# Learning objectives

In this lab we will learn about:

* Multi-node Multi-GPU programming and importance of inter-process communication frameworks.
* Introduction to MPI specification and APIs.
* Execution of Hello World MPI binary on single as well as multiple nodes.

# Multi-Node Multi-GPU Programming

As we move from a single node to multiple nodes, the basic multi-GPU programming concepts like domain decomposition and application-specific concepts like halo exchange remain the same. However, the communication becomes complex.

A single process can spawn threads that can be spread within a node (potentially on multiple sockets) but it cannot cross the node boundary. Thus, scalable multi-node programming requires the use of multiple processes.

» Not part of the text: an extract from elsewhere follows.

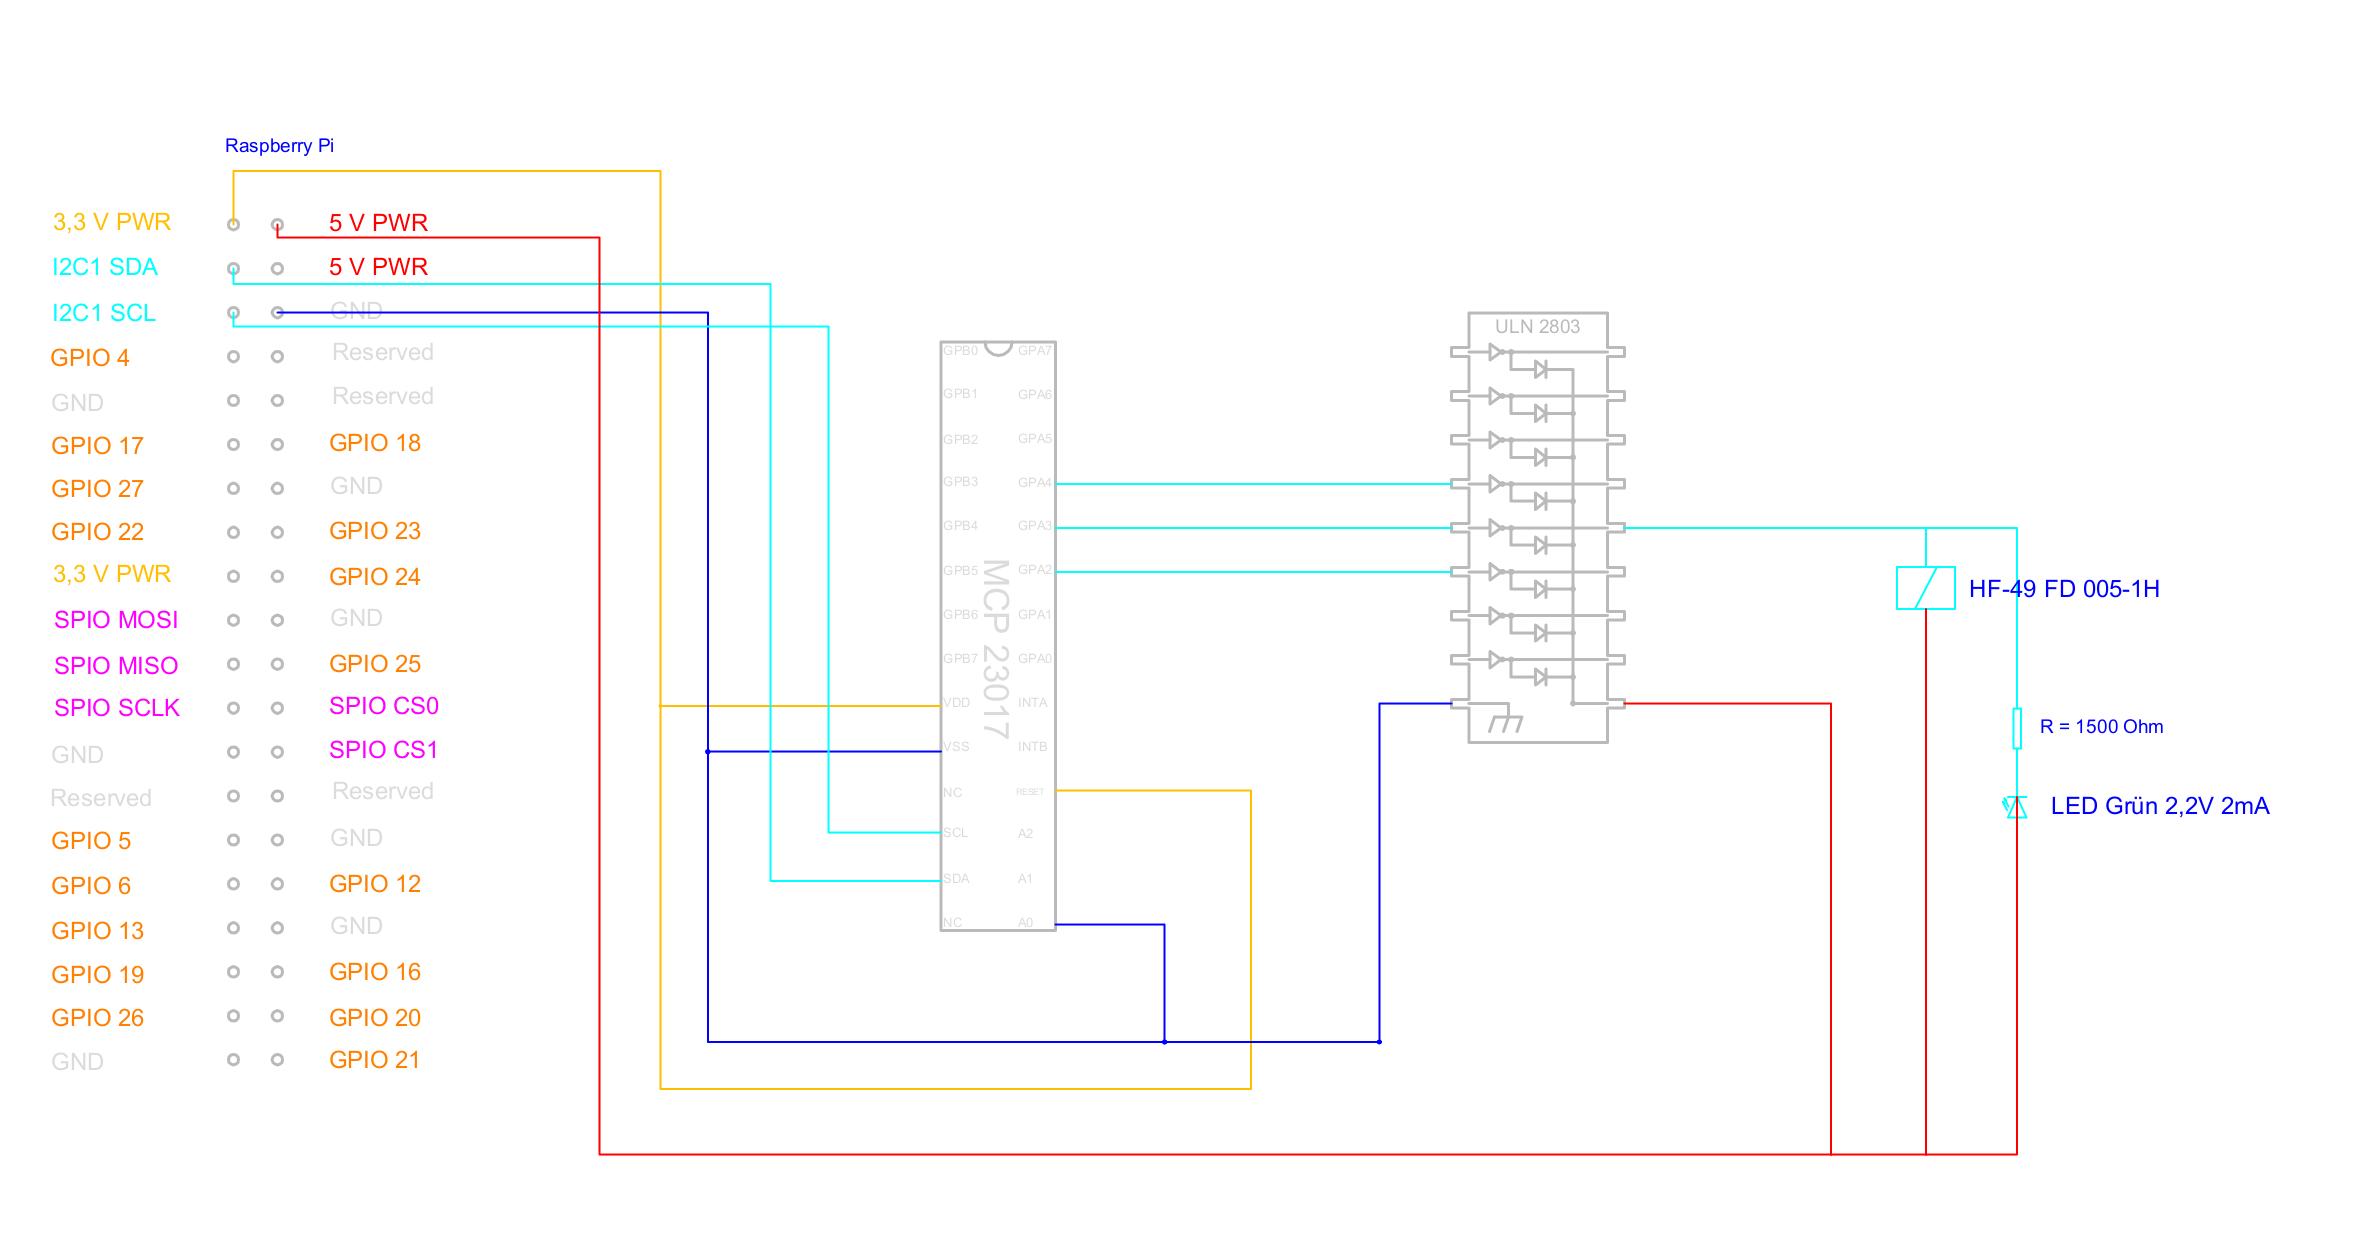 Raspi und Relais schaltung - Mikrocontroller.net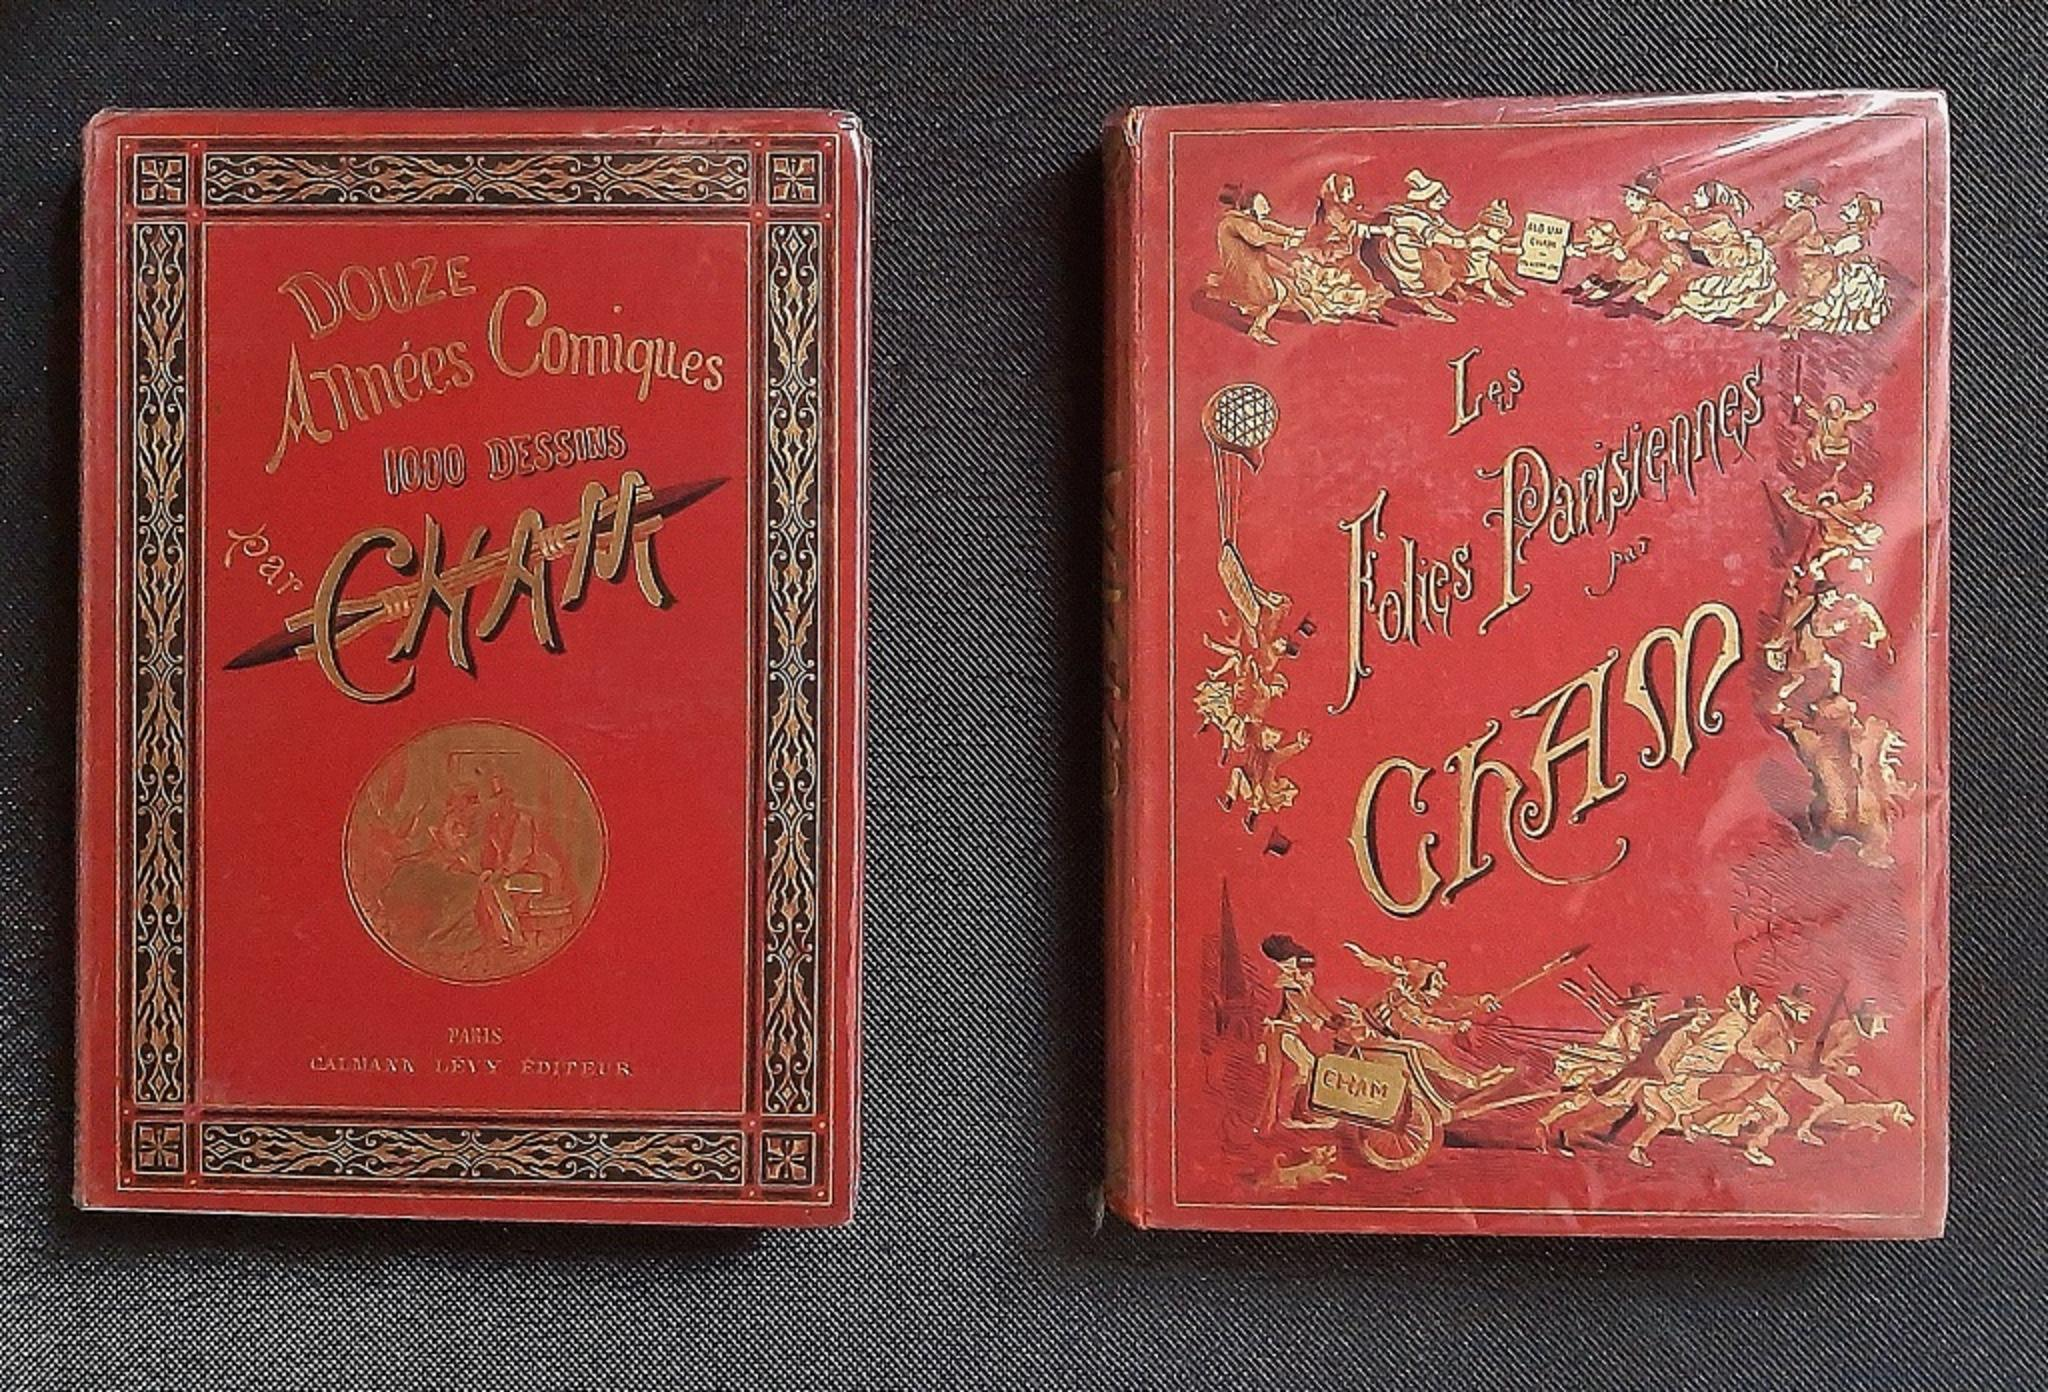 Les Folies Parisiennes - Vintage Rare Book Illustrated by CHAM - 1883

Inter-process communication is usually done by libraries like OpenMPI. They expose communication APIs, synchronization constructs, etc. to the user. Let us now learn about programming in MPI.

## MPI

MPI is a specification for the developers and users of message passing libraries. By itself, it is not a library - but rather the specification of what such a library should be. An example of MPI-compliant library is OpenMPI.

It primarily addresses the message-passing parallel programming model: data is moved from the address space of one process to that of another process through cooperative operations on each process.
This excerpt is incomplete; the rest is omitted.